A new app successfully detects one of the telltale characteristics of autism in toddlers.
The technology could one day become an inexpensive and scalable early screening tool, the research suggests.
Researchers created the app to assess the eye gaze patterns of children while they watched short, strategically designed movies on an iPhone or iPad, then applied computer vision and machine learning to determine whether the child looked more often at the human in the video, or objects.

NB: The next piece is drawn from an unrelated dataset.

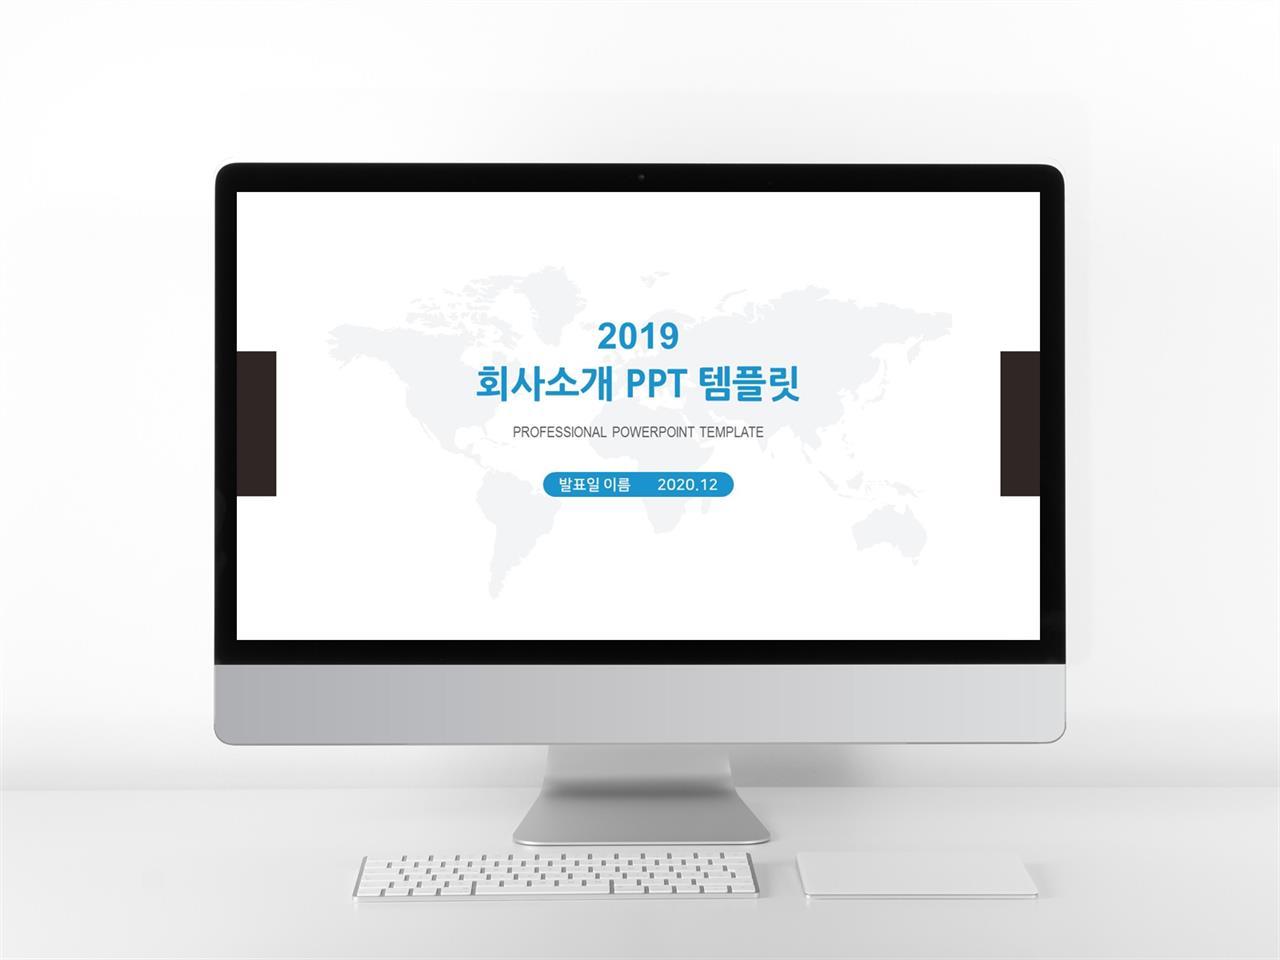 회사소개 블루 베이직 프로급 PPT템플릿 사이트 미리보기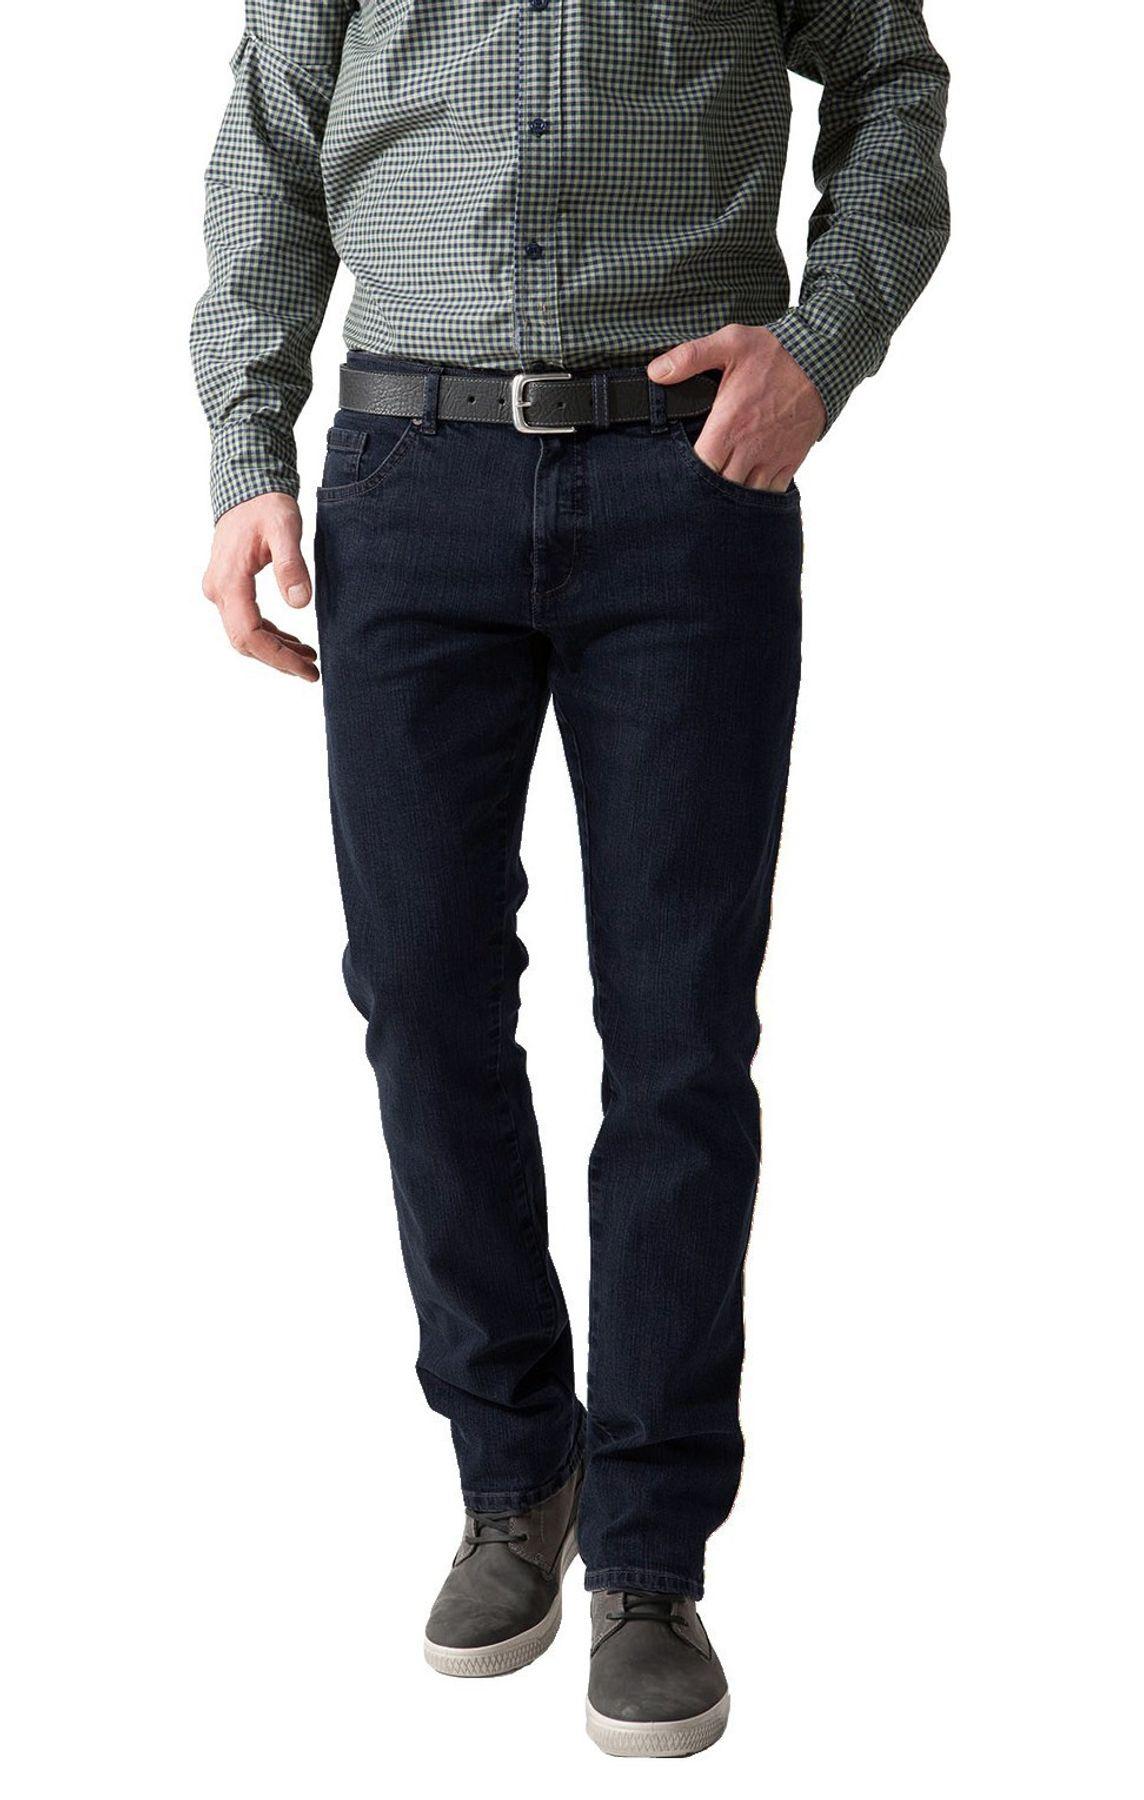 Stooker - Herren 5-Pocket Jeans in verschiedenen Farben, Frisco (5190) – Bild 3

“We know that babies who have autism pay attention to the environment differently and are not paying as much attention to people,” says Geraldine Dawson, director of the Duke Center for Autism and Brain Development, and co-senior author of a study in JAMA Pediatrics.
“We can track eye gaze patterns in toddlers to assess risk for autism,” Dawson says. “This is the first time that we’ve been able to provide this type of assessment using only a smart phone or tablet. This study served as a proof-of-concept, and we’re very encouraged.”
In a sample clip from one of the child development digital app’s strategically designed movies, a man blows bubbles in the same frame that shows an inanimate object.
Eye gaze a clue for autism in toddlers
Dawson and colleagues, including lead author Zhuoqing Chang, postdoctoral associate in the electrical and computer engineering department, began collaborating several years ago to develop the app. In this latest version, the researchers strategically designed movies that would enable them to assess a young child’s preference for looking at objects more than at people.
One movie, for example, shows a cheerful woman playing with a top. She dominates one side of the screen while the top she is spinning is on the other side. Toddlers without autism scanned the entire screen throughout the video, focusing more often on the woman.
Toddlers later diagnosed with autism, however, more often focused on the side of the screen with the toy. Another similarly-designed movie showed a man blowing bubbles. The researchers observed differences in eye gaze patterns for toddlers with autism across several movies in the app.
Researchers have previously used eye-tracking to assess gaze patterns in people with autism, but this has required special equipment and expertise to analyze the gaze patterns.
The app, which takes less than 10 minutes to administer and uses the front-facing camera to record the child’s behavior, only requires an iPhone or iPad, making it readily accessible to primary care clinics and useable in home settings.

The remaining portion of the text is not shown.